Competition: Multimodal Hate Speech Classification (Text + Image)

Problem statement
Build a model that detects the presence and type of hate speech in social media posts using both text and images. Each post includes the tweet text, OCR text extracted from the image, and the image itself. Your task is to predict one of six categories per post:
- NotHate
- Racist
- Sexist
- Homophobe
- Religion
- OtherHate

This is a challenging multimodal problem with subjective, noisy annotations aggregated from multiple annotators. Robust data processing, feature engineering, and modeling across modalities are key to strong performance.

Files you will receive
- train.csv: Training metadata with columns [id, image, tweet_text, ocr_text, label].
- test.csv: Test metadata with columns [id, image, tweet_text, ocr_text]. No labels.
- train_images/: Folder of training images. Filenames match the image column in train.csv.
- test_images/: Folder of test images. Filenames match the image column in test.csv.
- train_text/: Folder of OCR JSON files for training samples (one per id).
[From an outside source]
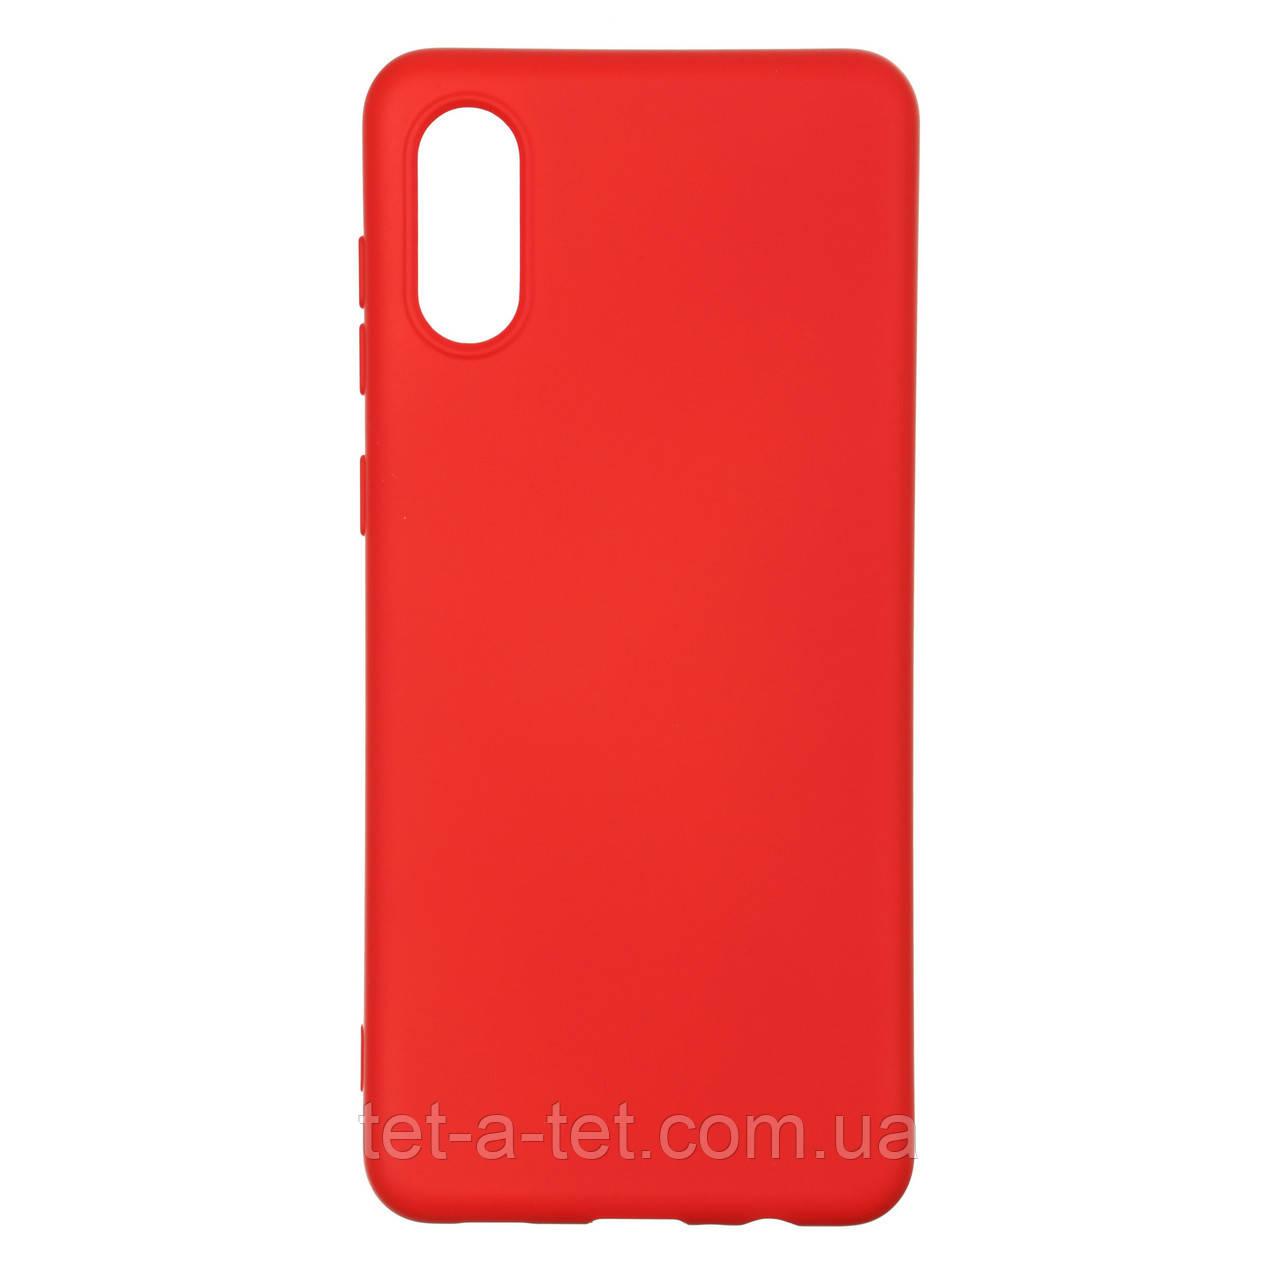 Чохол силіконовий ArmorStandart ICON Case for Samsung A02 (A022) Red Chili

Names match id with .json extension.
- test_text/: Folder of OCR JSON files for test samples (one per id). Names match id with .json extension.
- sample_submission.csv: A valid example submission with random labels.

Notes on the data
- Labels originate from three crowd annotators per post. We provide a single resolved label for supervision via majority vote with deterministic tie-breaking.
- OCR text is provided as a convenience feature extracted from images. It may be empty for some samples.
- Filenames are anonymized to avoid any leakage from original identifiers.

Target labels
The task is single-label multiclass classification over the six categories listed above. All categories appearing in the test set occur in the training set.

Submission format
- CSV file with header and two columns: [id, label]
- id: Must match exactly the id values from test.csv
- label: One of {NotHate, Racist, Sexist, Homophobe, Religion, OtherHate}

Evaluation
- Macro-averaged F1 score across the six classes.
- For each class, compute F1 = 2 * (precision * recall) / (precision + recall). The final score is the unweighted mean of F1 over all classes.
- Predictions must specify a single label per test sample. Tie-breaking is up to the participant.
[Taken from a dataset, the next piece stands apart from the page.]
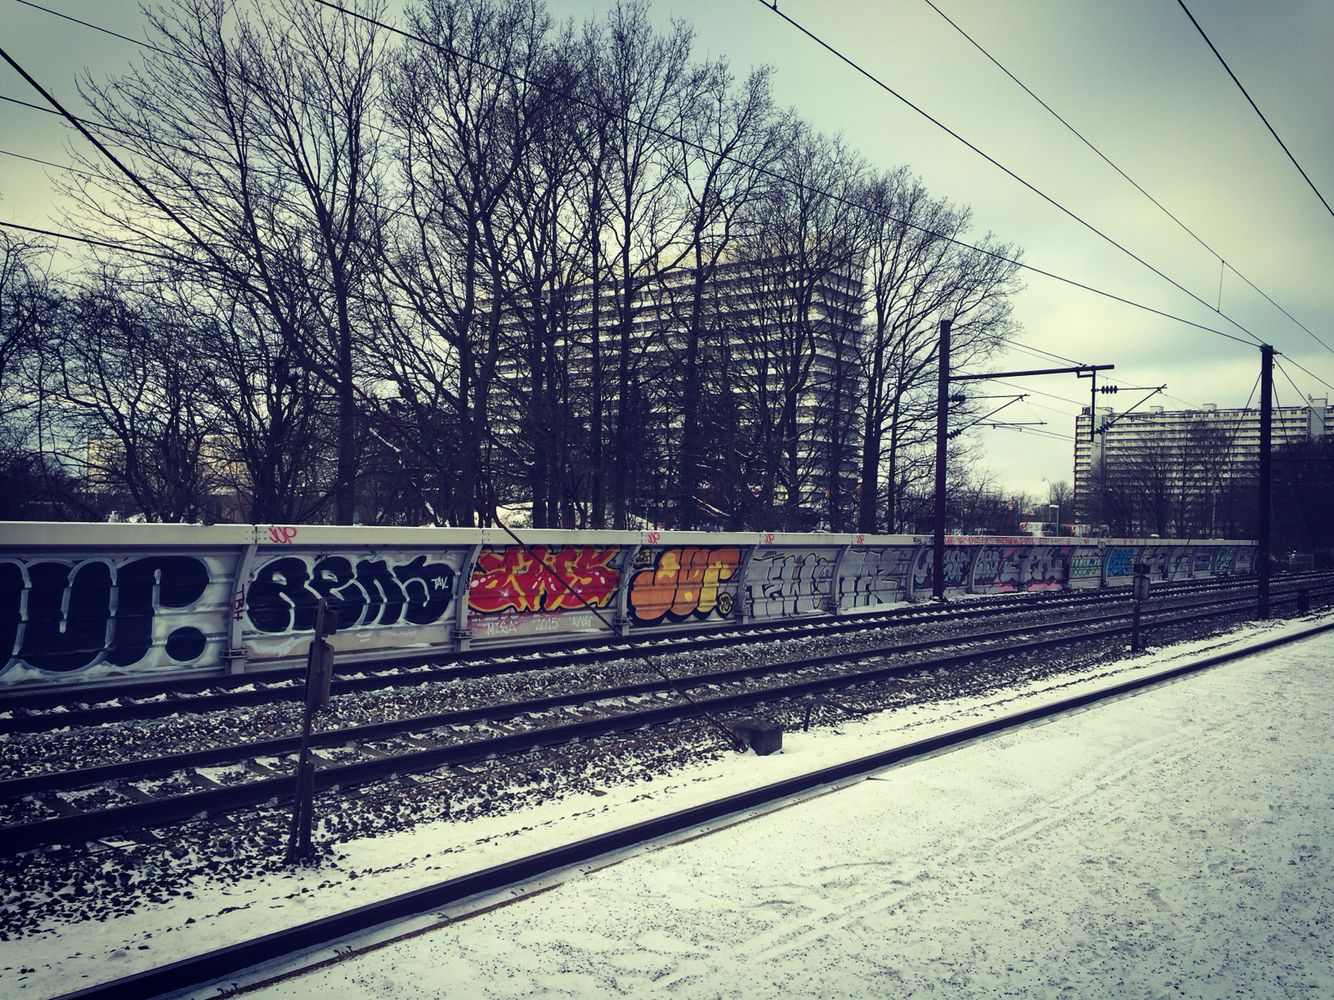 Train station vibes☁️

Recommended approaches (non-exhaustive)
- Text modeling: Preprocess, handle slang/typos, leverage subword tokenizers, pretrained language models, and class-weighted loss.
- Image modeling: Fine-tune CNN/ViT backbones, augmentations, and CLIP-like multimodal encoders.
- Multimodal fusion: Early/late fusion, cross-attention, or co-training. Use the OCR text as an additional textual modality.
- Handling subjectivity/noise: Label smoothing, robust loss, ensembling, calibration, and abstention-aware decision rules.

Important constraints
- Do not use external resources that reveal labels for the provided samples.
- The metadata CSV files do not include any file paths; use the image and id names to locate assets within the provided folders.
- All evaluation is case-sensitive for label names. Use the exact category strings.